### Brief
Leave out every picture, then transcribe the rest of the listing exactly.

START Given material

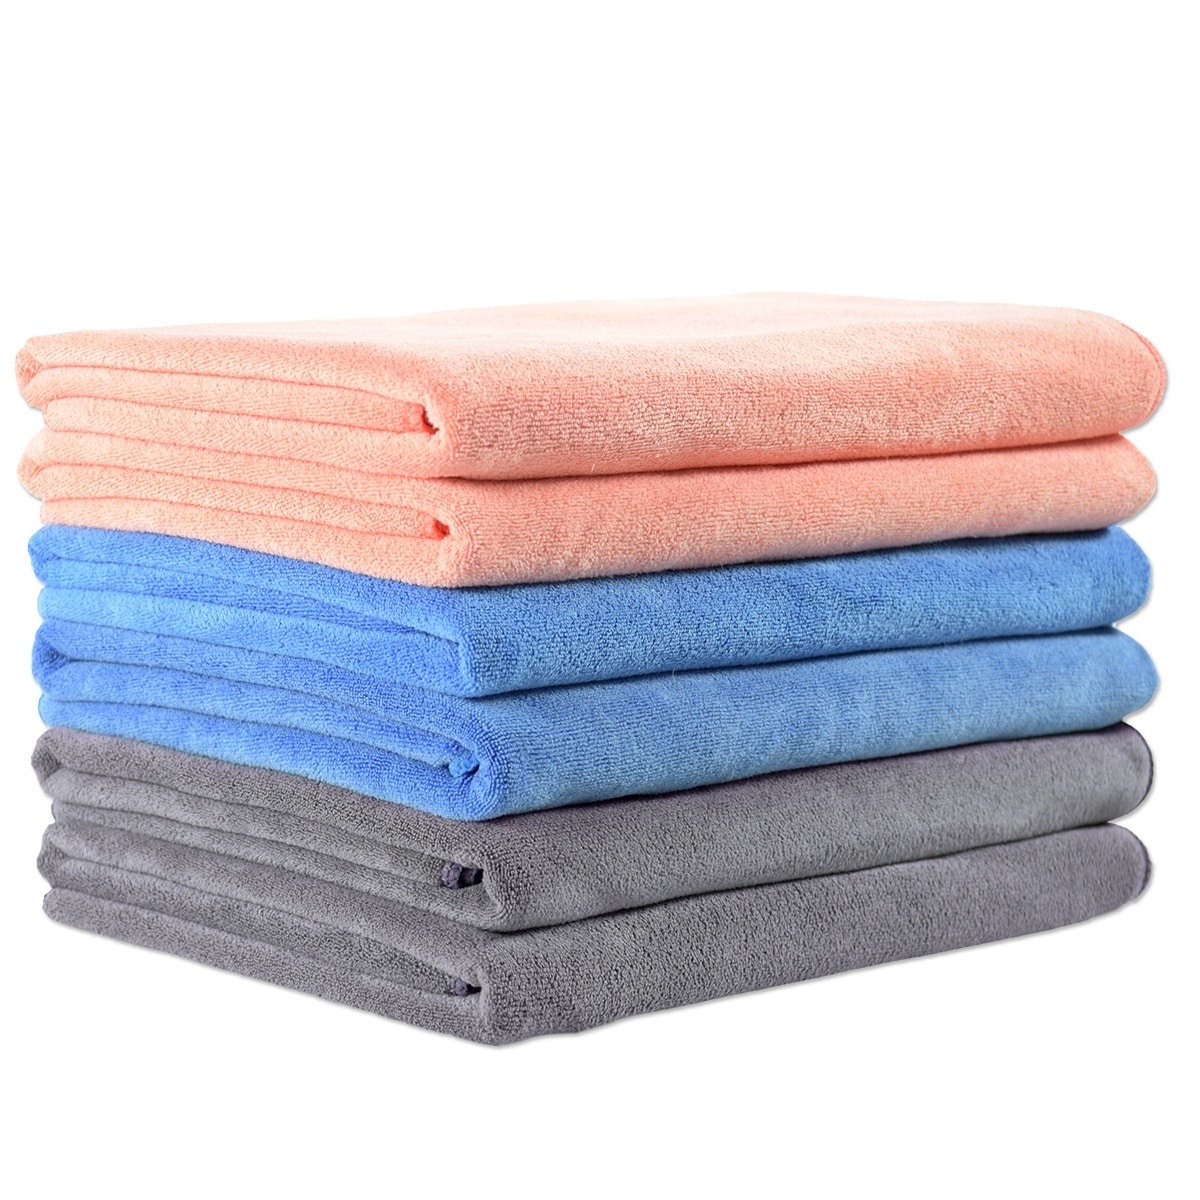 White Pack of 6 Large Bath Towels 100% Cotton 27x55 Highly
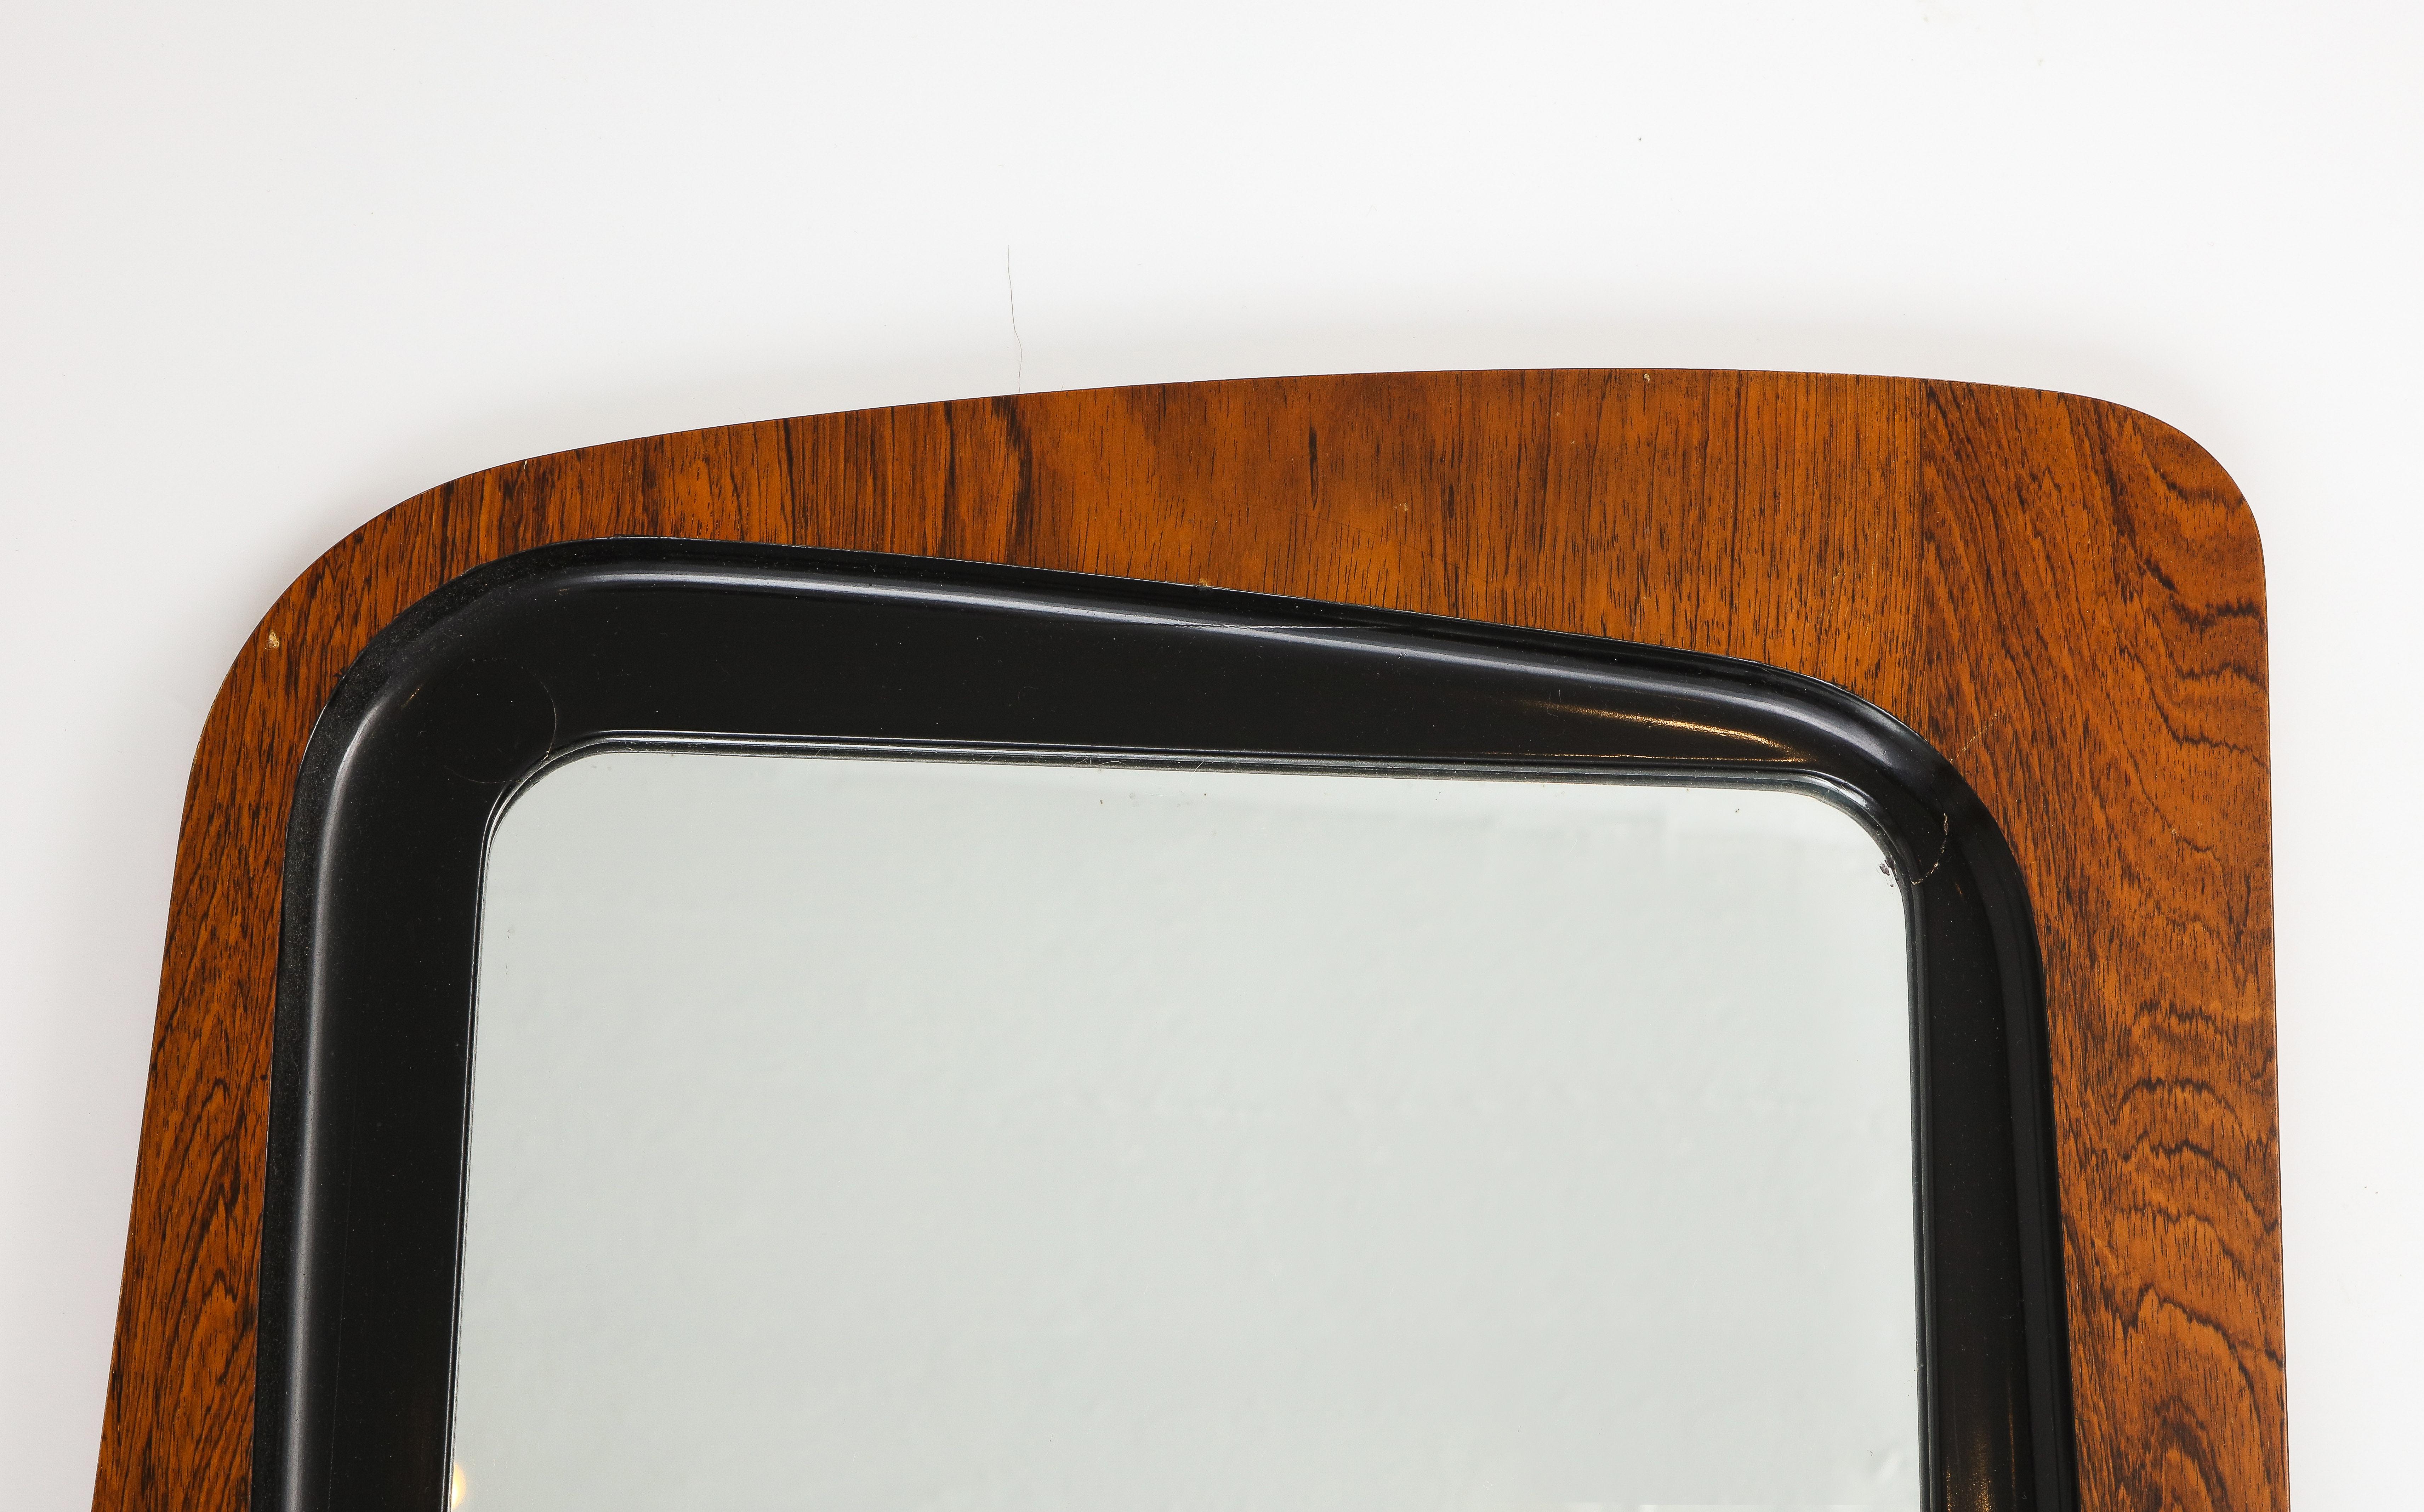 A rosewood, black-painted wood and glass wall mirror designed and produced by Glas & Trä, Hovmantorp, Sweden, 1950s. 

Some loss, requires restoration to improve condition. 
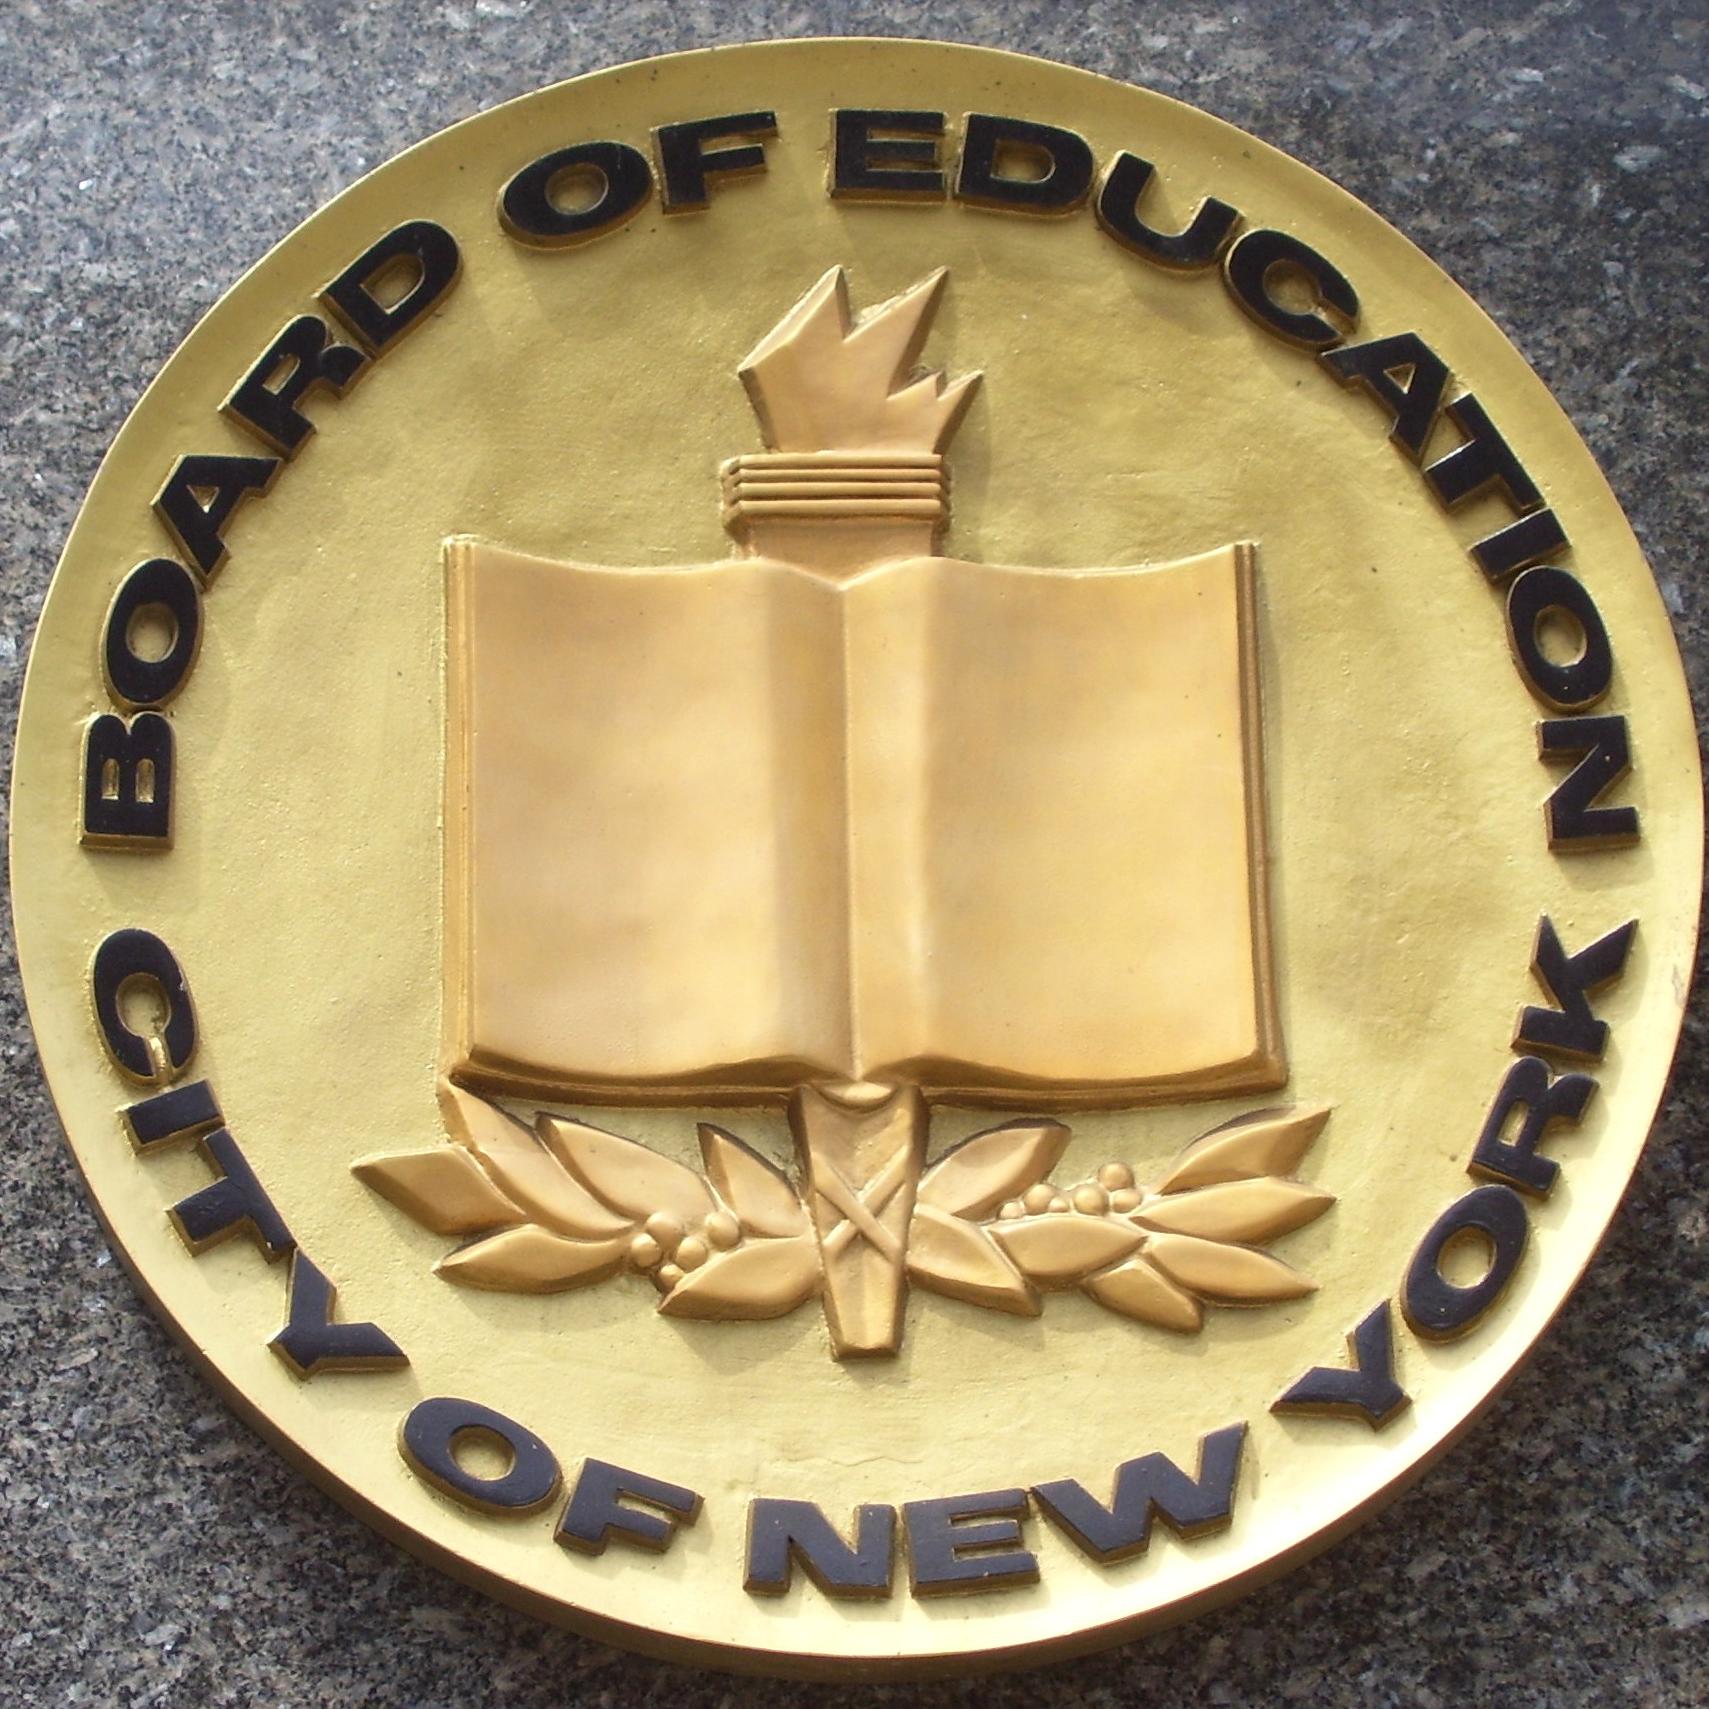 Hasidic Education in New York: A Clash of Law, Politics, and Culture

END Given material

### Answer space
 White Pack of 6 Large Bath Towels 100% Cotton 27x55 Highly
 A rosewood, black-painted wood and glass wall mirror designed and produced by Glas & Trä, Hovmantorp, Sweden, 1950s. 

Some loss, requires restoration to improve condition. 
 Hasidic Education in New York: A Clash of Law, Politics, and Culture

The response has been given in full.